Mortgage rates moved in different directions this week, according to data compiled by Bankrate. See the table below for a breakdown of how each loan type moved.
Mortgage rates could gradually come down this year, according to Greg McBride, CFA, Bankrate chief financial analyst. As the Federal Reserve held off on hikes at the end of 2023, the average 30-year mortgage rate dove to under 7 percent. The central bank now expects to cut rates in 2024 — a direction that would affect many areas of the economy, including on the 10-year Treasury, the main driver of fixed mortgage rates.
“The 10-year Treasury yield that serves as a baseline for fixed mortgage rates will have a bouncy journey lower, moving back above 4 percent early in 2024 but trending lower as inflation cools and the Fed gets closer to cutting rates,” says McBride. “For mortgage rates, that portends a general downtrend — albeit with fits and starts — in 2024.”
Rates last updated January 11, 2024.
These rates are marketplace averages based on the assumptions indicated here. Actual rates displayed across the site may vary. This story has been reviewed by Suzanne De Vita. All rate data accurate as of Thursday, January 11th, 2024 at 7:30 a.m.
Today’s 30-year mortgage rate flat for the week
Today’s average rate for the benchmark 30-year fixed mortgage is 7.06 percent, unchanged from a week ago. A month ago, the average rate on a 30-year fixed mortgage was higher, at 7.21 percent.

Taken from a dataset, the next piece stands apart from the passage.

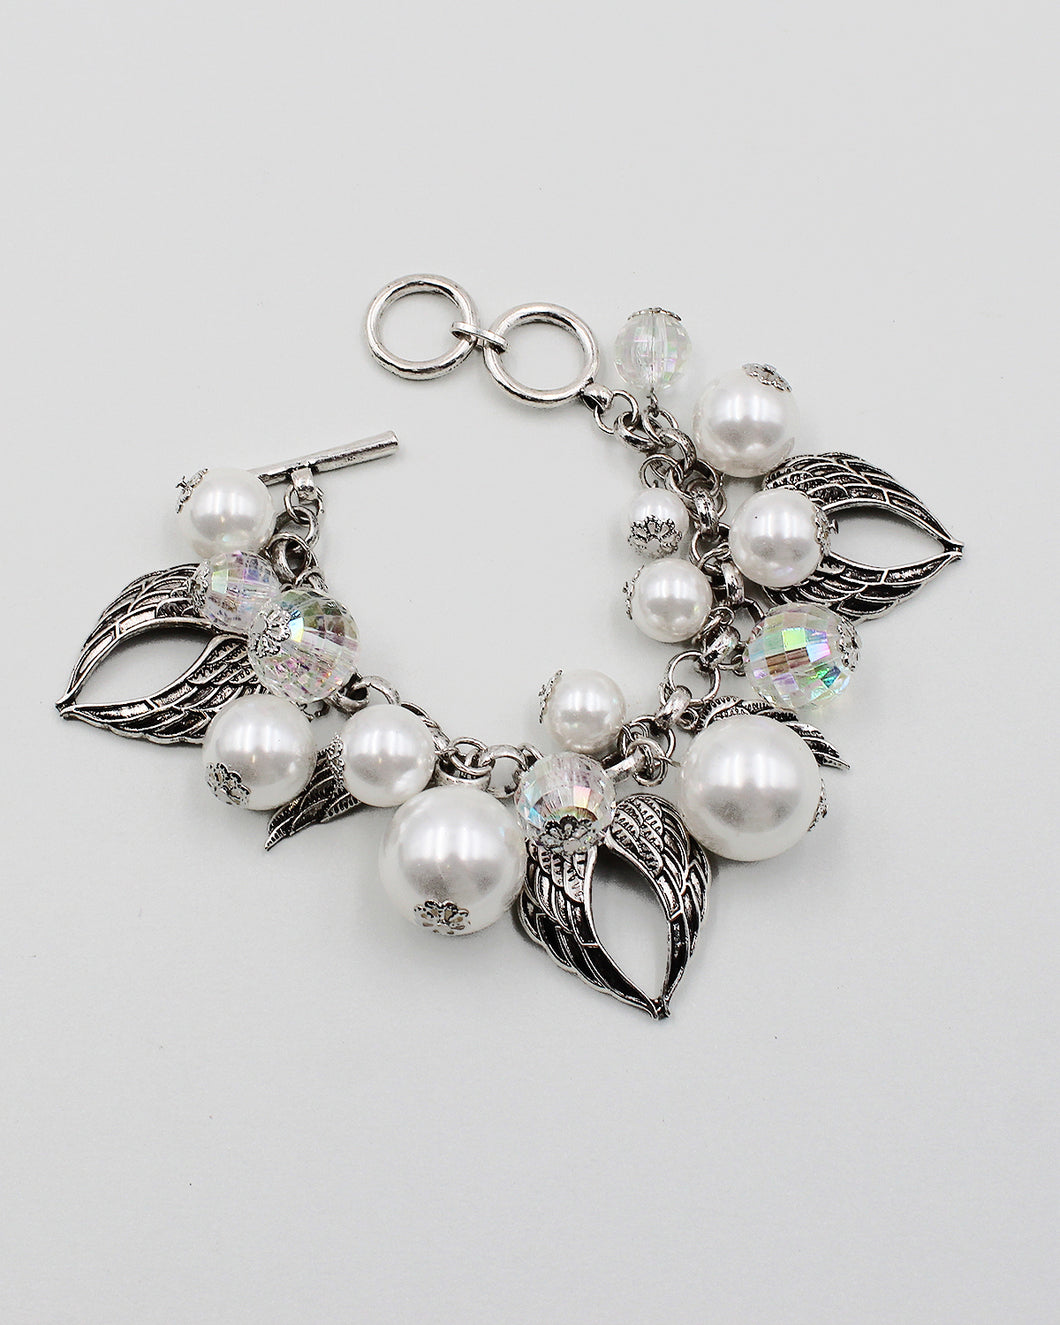 Angel Wing Charm Bracelet with Pearl Beads
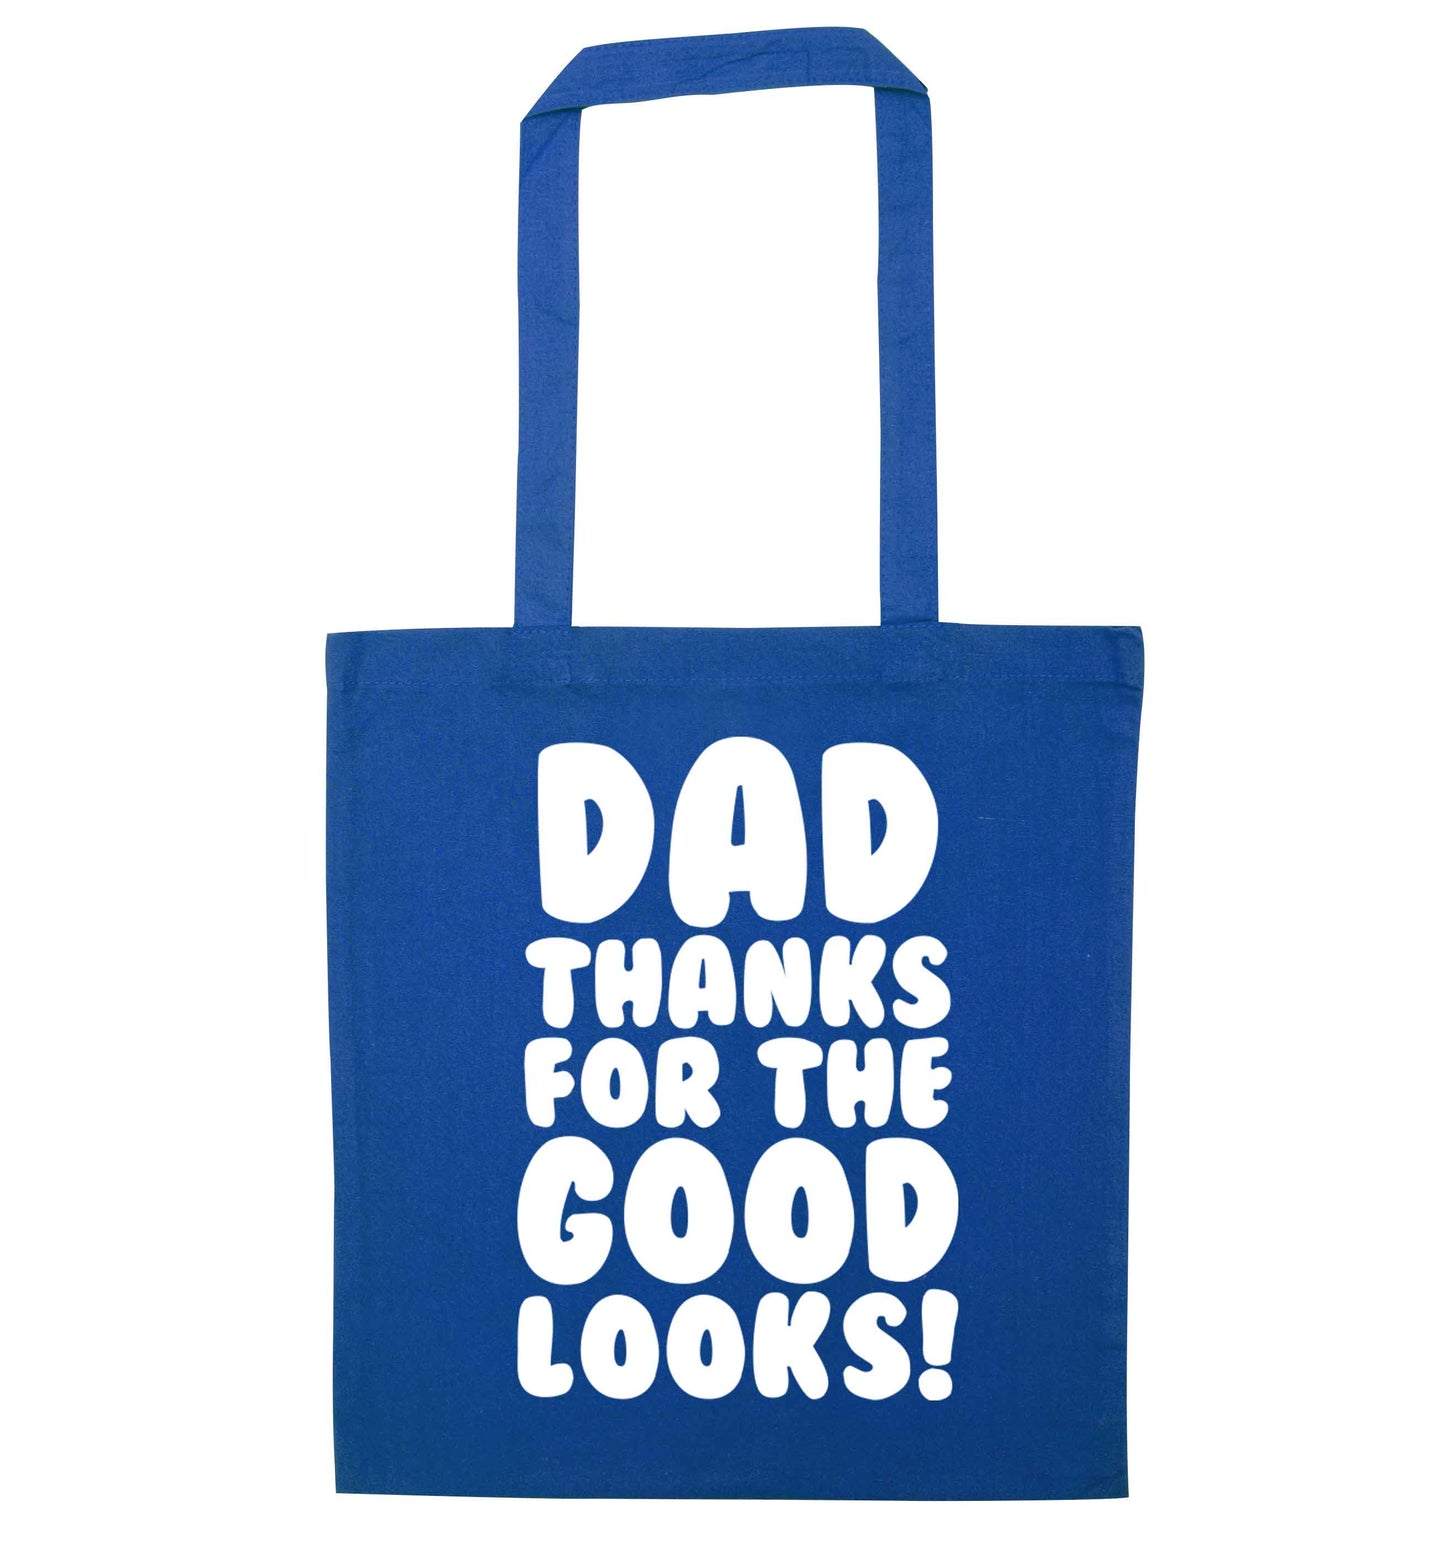 Dad thanks for the good looks blue tote bag

At the current average rate, you’ll pay a combined $669.34 per month in principal and interest for every $100,000 you borrow.
There are many benefits to choosing a fixed-rate mortgage when buying new house, including predictable mortgage payments.
Learn more: What is a fixed-rate mortgage and how does it work?
15-year mortgage rate moves up, +0.01%
The average 15-year fixed-mortgage rate is 6.43 percent, up 1 basis point over the last week.
Monthly payments on a 15-year fixed mortgage at that rate will cost approximately $867 per $100,000 borrowed. That’s clearly much higher than the monthly payment would be on a 30-year mortgage at that rate, but it comes with some big advantages: You’ll come out several thousand dollars ahead over the life of the loan in total interest paid and build equity much more quickly.
5/1 adjustable rate mortgage advances, +0.01%
The average rate on a 5/1 adjustable rate mortgage is 6.41 percent, ticking up 1 basis point since the same time last week.
Adjustable-rate mortgages, or ARMs, are mortgage loans that come with a floating interest rate. To put it another way, the interest rate will change at regular intervals, unlike fixed-rate mortgages. These loan types are best for those who expect to refinance or sell before the first or second adjustment. Rates could be considerably higher when the loan first adjusts, and thereafter.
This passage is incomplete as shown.